I went upstate with my family to administer the pills at a friend’s house. I wanted to be with her — a woman. I felt ashamed looking at my husband.

I bled that night and passed clots. No one ever wants to talk about the physicality of birth or eliminating one. The blood. The tissue. The horror movie of it all.

The next week, I had to return to that same awful office, double-masked and gloved. I disrobed and wrapped myself in a hospital gown. A third doctor — a woman in her 50s — came in and checked my uterus. Her face didn’t hold judgment like the others.

But the news was not good. “I’m sorry to have to tell you this,” she said after checking my uterus. “There’s still pieces of tissue in you. We need to arrange for a D and C” — dilation and curettage surgery.

“What do you mean? There were clots,” I said.

“I’m sorry,” the doctor told me. “Unfortunately, we see this sometimes. That’s why we recommend the procedure instead. People don’t realize the risk.” 

Later, when the Supreme Court overturned its Roe v. Wade decision, I’d think of this. I would think about all the women in states that made abortion illegal who were ordering pills online to end their pregnancies — all the women who read about the 95% efficacy rate and never imagined they’d be among the other 5%. Where would they go afterward? Who would help them? What would they do next?

The following week, my husband and my daughter accompanied me to the D and C in the city. I didn’t want my daughter to go inside, but my husband was asked to go in to discuss some details and there was no other option. I told him to take her to the playground during the procedure. A male doctor — a different one — administered the anesthesia. 

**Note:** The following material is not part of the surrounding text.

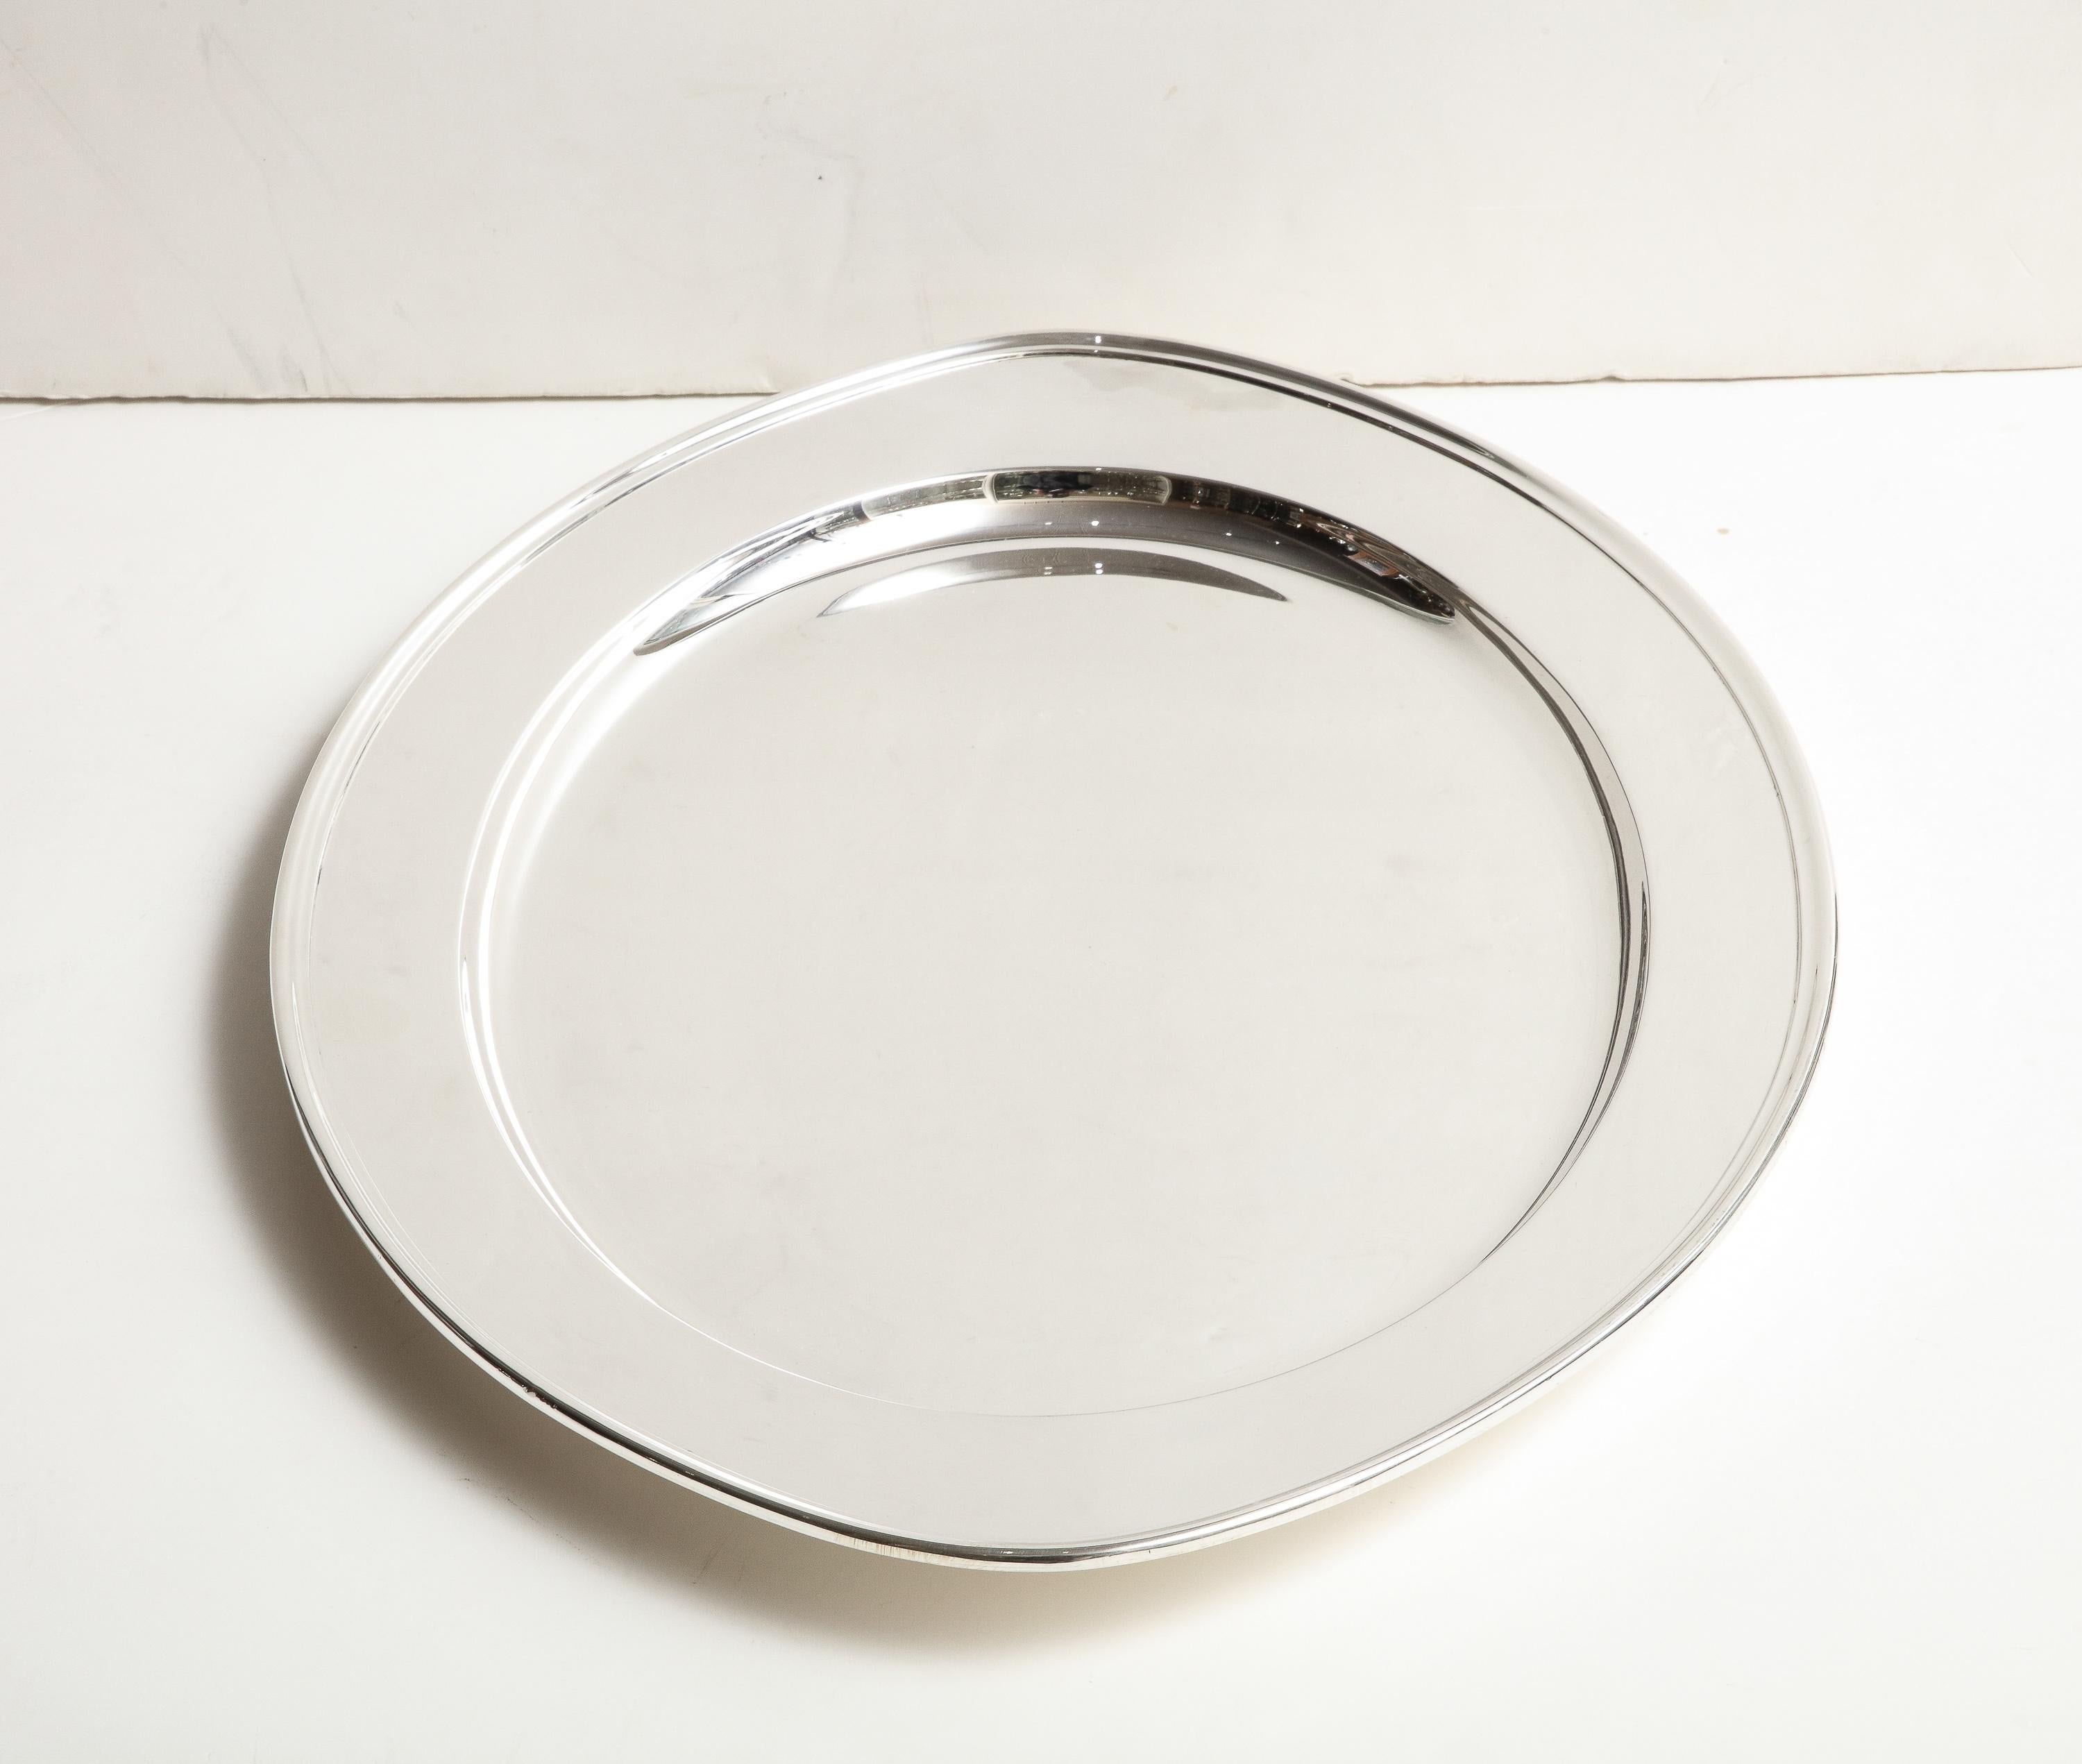 Very Large Art Deco Period Solid Sterling Silver Serving Platter/Tray by Gorham For Sale 2

“We see this sometimes,” he told me, “with the pills.” 

“Yes,” I said. “I know that now.”

“You have a child already though,” the doctor said. “So why [did] you do this?”

I didn’t answer. What was he trying to accomplish? It was too late anyhow. I was put under. When I woke up, I felt groggy and confused. My daughter and husband were waiting for me. I wonder if my daughter knew what happened. I wonder if I’ll ever tell her. I wonder if she’ll ever worry she was unwanted.

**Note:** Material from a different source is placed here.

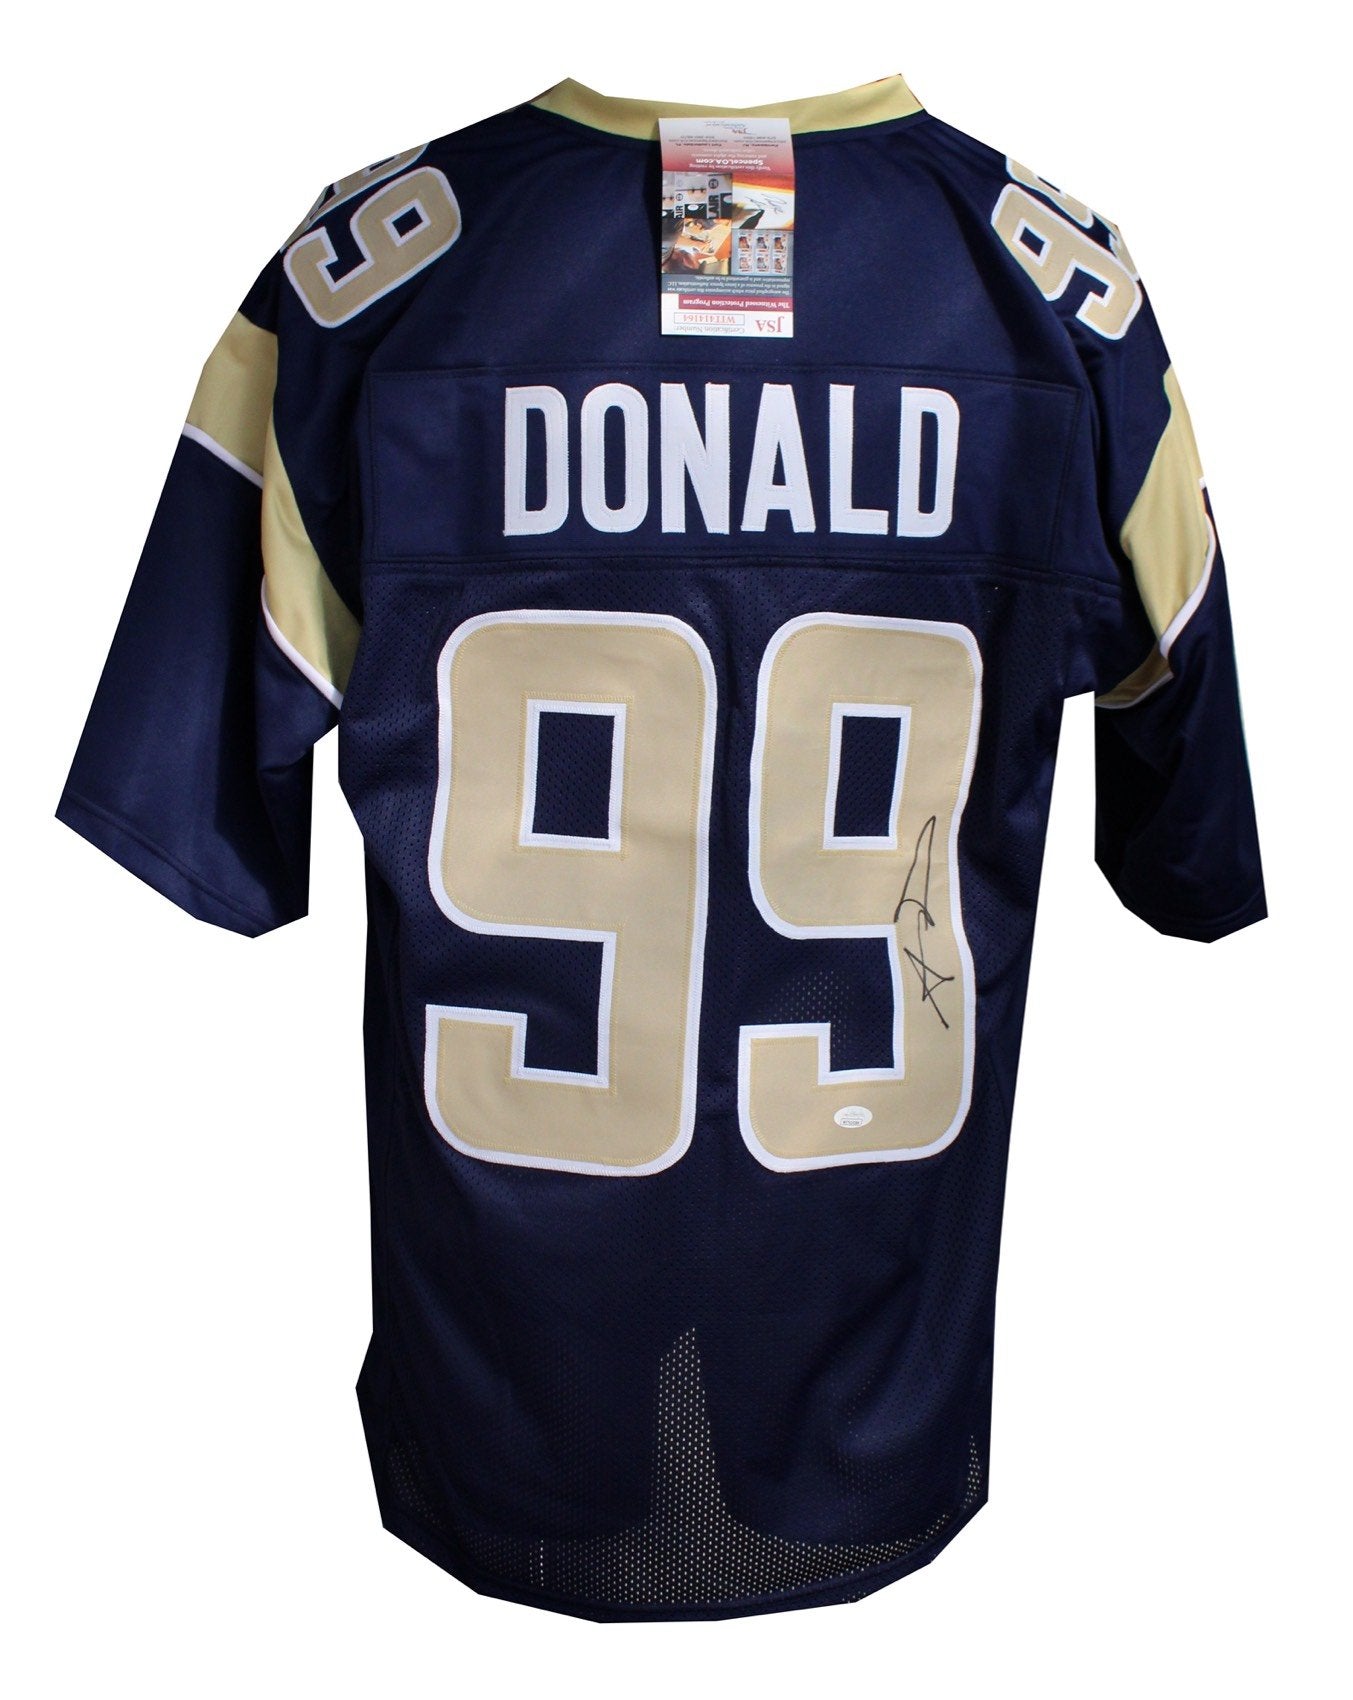 blue and gold rams jersey

I’d later find out that two good friends of mine had surprise pandemic pregnancies, and they delivered children in the same exact month that I would have delivered mine. I’d hear all about the 50-year-old PTA mom’s miracle IVF child that was the talk of the elementary school, and I’d wonder why some women’s experiences are so hard while others’ are so easy.

I met one of those friends’ babies a month after Roe was overturned. She was almost 2. My daughter and I read her books, held her hand and sang “The Wheels on the Bus” for her. Watching them together, I’d think what a wonderful sister my daughter would have been, and I imagined the fierce, confident young women they would grow up to be one day. I’d feel sorrow and grief, but never regret.